Editied to add I just read page 1 of your thread to see these are pets. I think it's really cool that you have them in the pool. I can't say that I could swim with them... but I don't like lakes either. If one touched me I'd shoot out of the water like a rocket. :shark:

What you've created is pretty cool.
 
The pool is run without any chemicals. There is a biological filter and the pump included with the pool running 24/7, nothing else beyond that. There is no cartridge in the cartridge filter. I do have to clean the biological filter every couple weeks, when water flow diminishes significantly.

The water will not turn green or otherwise cloudy if the system is balanced, but algae will cover eventually all available surfaces, this is consumed by algae eating fish such as koi, it is part of their diet. If there were no algae eating fish in there then algae growth would be visible everywhere, so chemicals (like chlorine) would be required to kill algae and keep it from growing again.
 
The main maintenance job is cleaning the biological filter, this is an improvised filter consisting of a simple 3' long, 4" diameter pvc tube with screw on caps at the ends.

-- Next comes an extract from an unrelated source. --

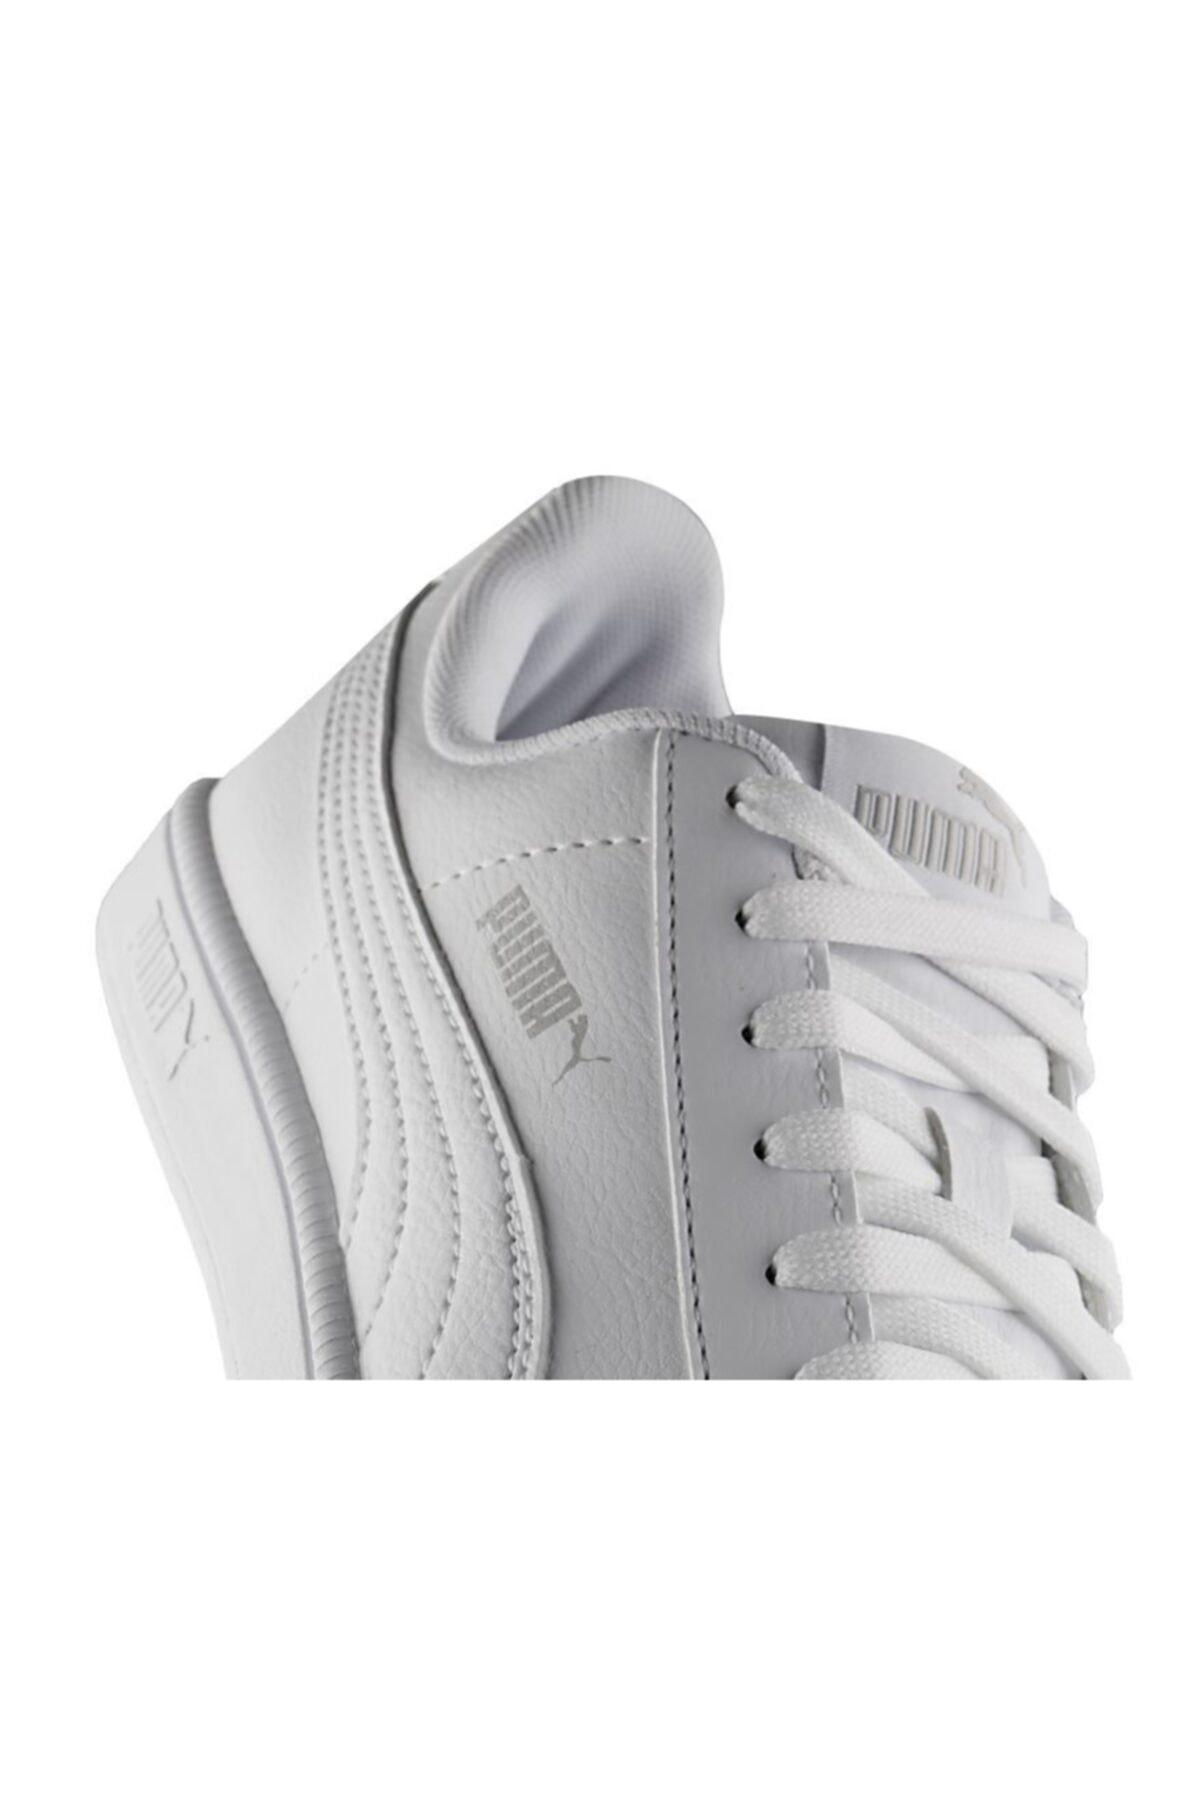 Puma Ayakkabı Up 37260505 2

The tube has numerous small holes in the middle part and two half inch pipes connected at the ends leading to the pump input. The tube is full with plastic biocubes up to the ends where a couple of coarse sponges separate the biocubes from the exit pipes.

None of these connections is watertight, because this thing was designed to operate inside the pool, however it could be watertight if needed to operate outside the pool.

I need to clean this thing regularly, taking it out of the water, dismantling it and rinsing the biocubes and the sponges in a bucket of water as they both act as a mechanical filter trapping all sorts of things from the pool water. This takes about half an hour without being in any hurry whatsoever. I do this every two weeks, it could be every week at the most.

I also top up pool water with a garden hose once a week, as there is some evaporation, sometimes while doing that I scoop water out of the pool using a small bucket and use it on the adjacent plants, this kind of (biologically filtered) pool water is an excellent plant fertilizer, also water from filter rinsing goes to the same plants, they are one foot away from the pool so they get to benefit.

This is all I do with this system, besides being in there for many hours each day playing with my fish.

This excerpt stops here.